Les militaires prônent l’unité mais on voit quand même un retour d’anciens responsables notamment du temps d’Omar Bongo et qui étaient tombés en disgrâce sous Ali Bongo. Certains craignent qu’ils ne fassent dérailler la transition et que l’ancien régime empêche toute renouveau. Qu’en pensez-vous ?

Quand vous avez grandi au village, imprégné de nos traditions locales, vous devez savoir que les « vieux » comme on dit chez nous sont les yeux du passé, ce sont eux qui vous ouvrent les yeux de l’avenir. Si vous ne tenez pas compte des avis des anciens, je ne vois pas comment votre avenir peut être radieux. Et ce que fait actuellement le chef de l’État, c’est effectivement de parler avec tout le monde. Lorsque vous voyez les nominations qui sont faites, ça intègre le Gabon de manière générale. Il ne faut pas que nous ayons un Gabon des uns contre les autres.

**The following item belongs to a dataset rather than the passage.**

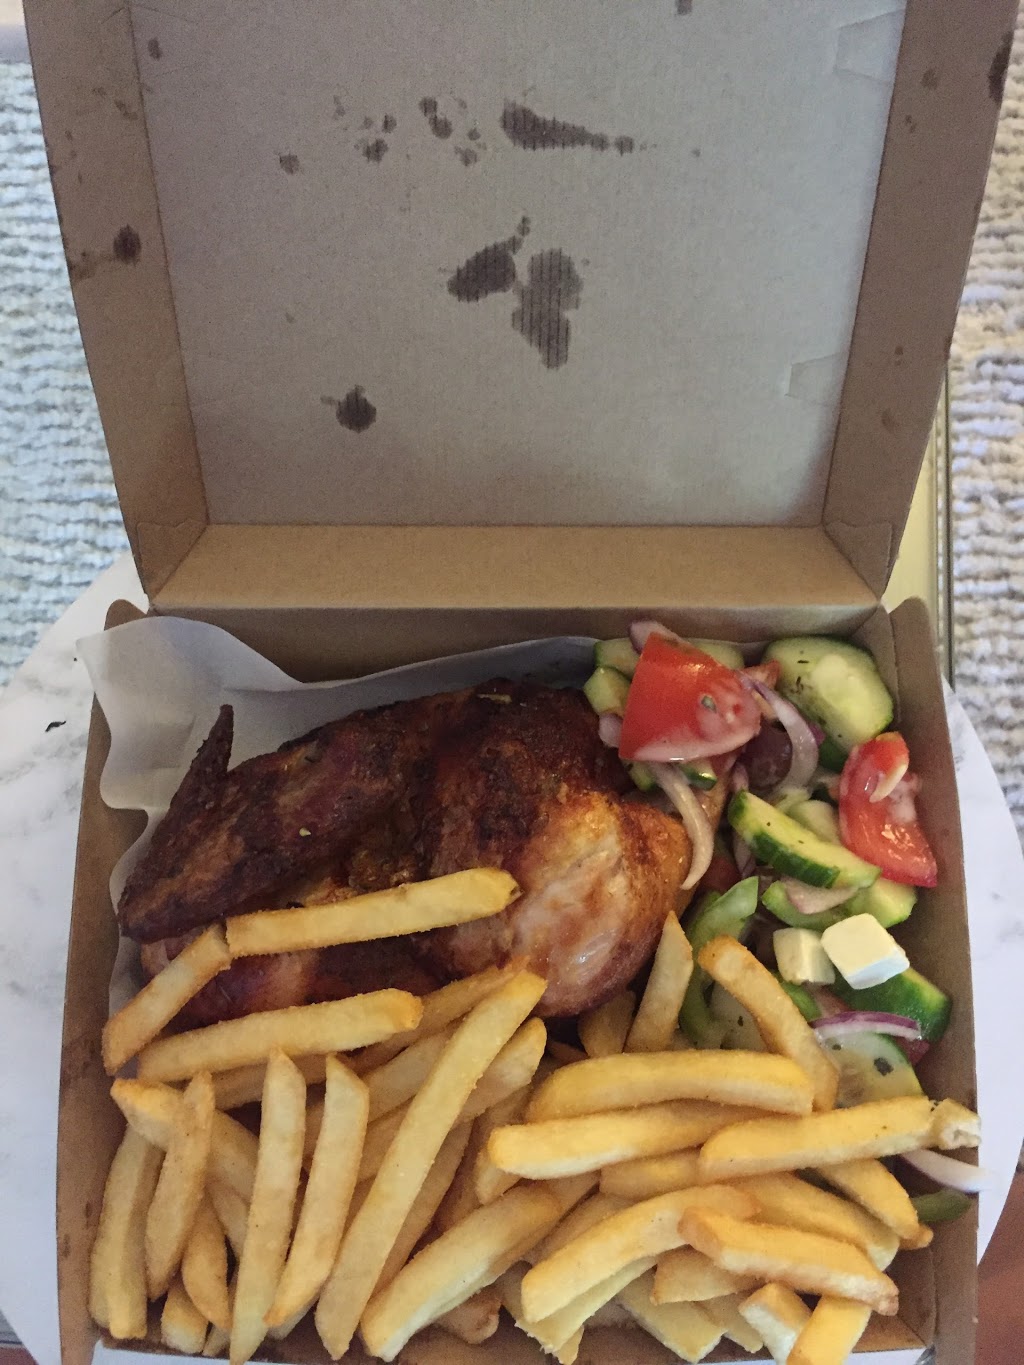 Jacks Charcoal Chicken | restaurant | 4/51 Military Rd, Avondale Heights VIC 3034, Australia | 0393182716 OR +61 3 9318 2716

La nouvelle cour constitutionnelle ne compte aucun spécialiste de droit constitutionnel, alors que c’est justement l’expertise de cette cour. Ils sont pour les deux-tiers issus du droit privé, donc certains s’interrogent sur la légitimité, la compétence des nouveaux arrivants. Qu’en pensez-vous ?

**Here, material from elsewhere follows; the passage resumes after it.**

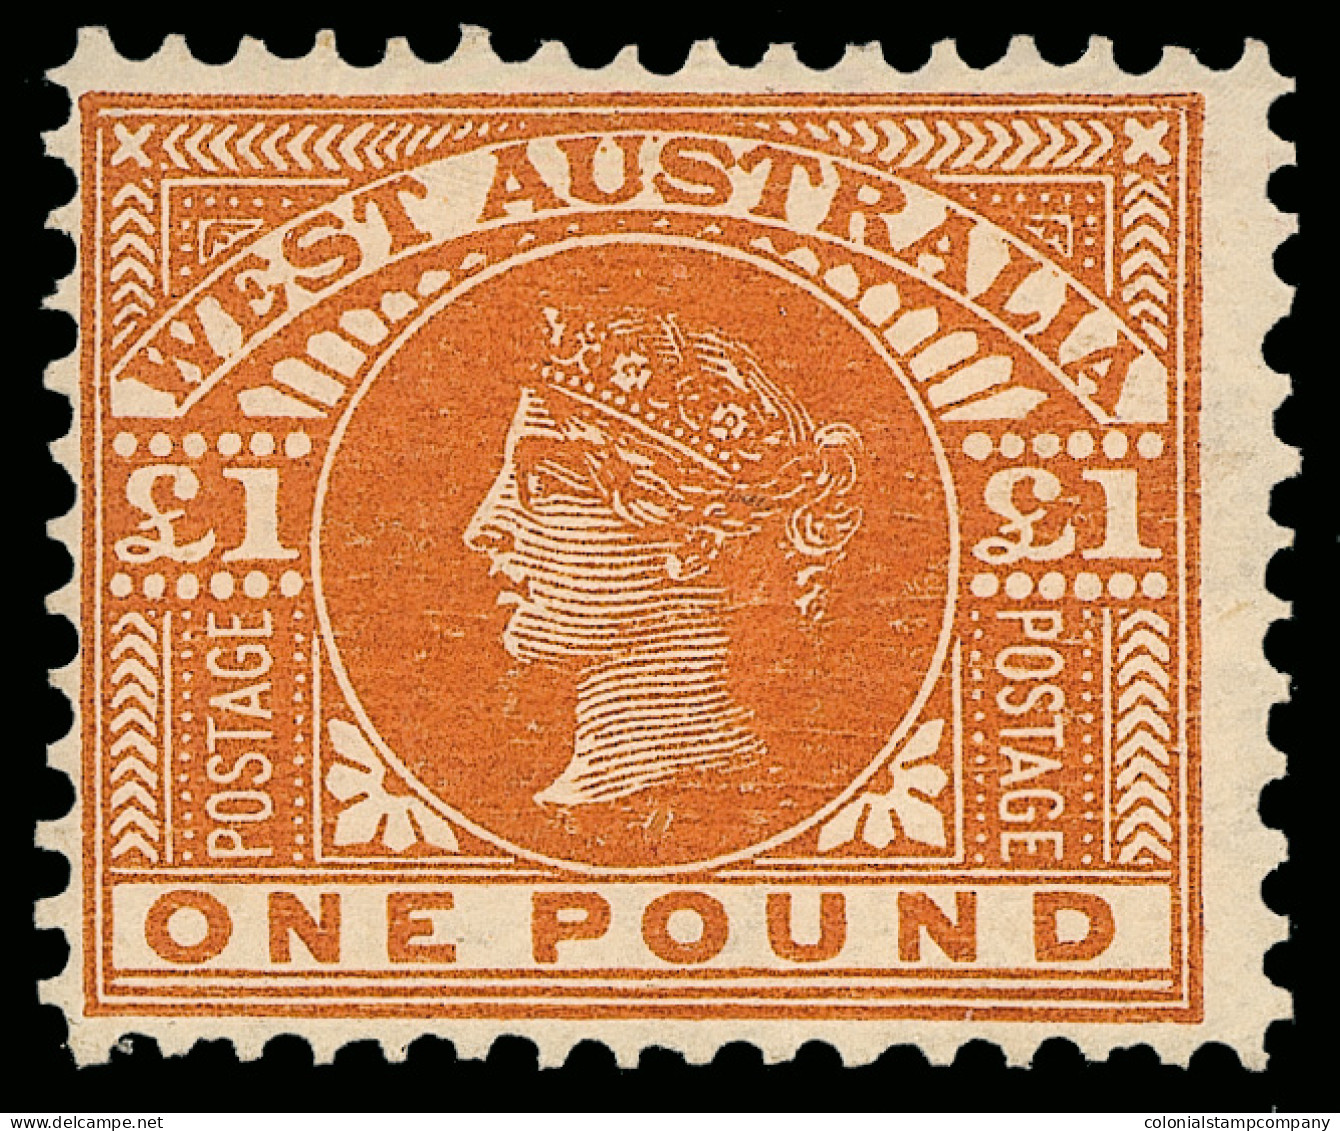 * Australia / Western Australia - Lot No. 192 - Neufs

Non, je pense que lorsque vous regardez la composition des juges, mais surtout des assistants autour d’eux, ce sont pour la plupart des publicistes, des spécialistes de droit administratif, de droit constitutionnel. Et le juge s’entoure de ces compétences-là, ce qui lui permet de pouvoir prendre les décisions de manière appropriée. Ce n’est pas un problème.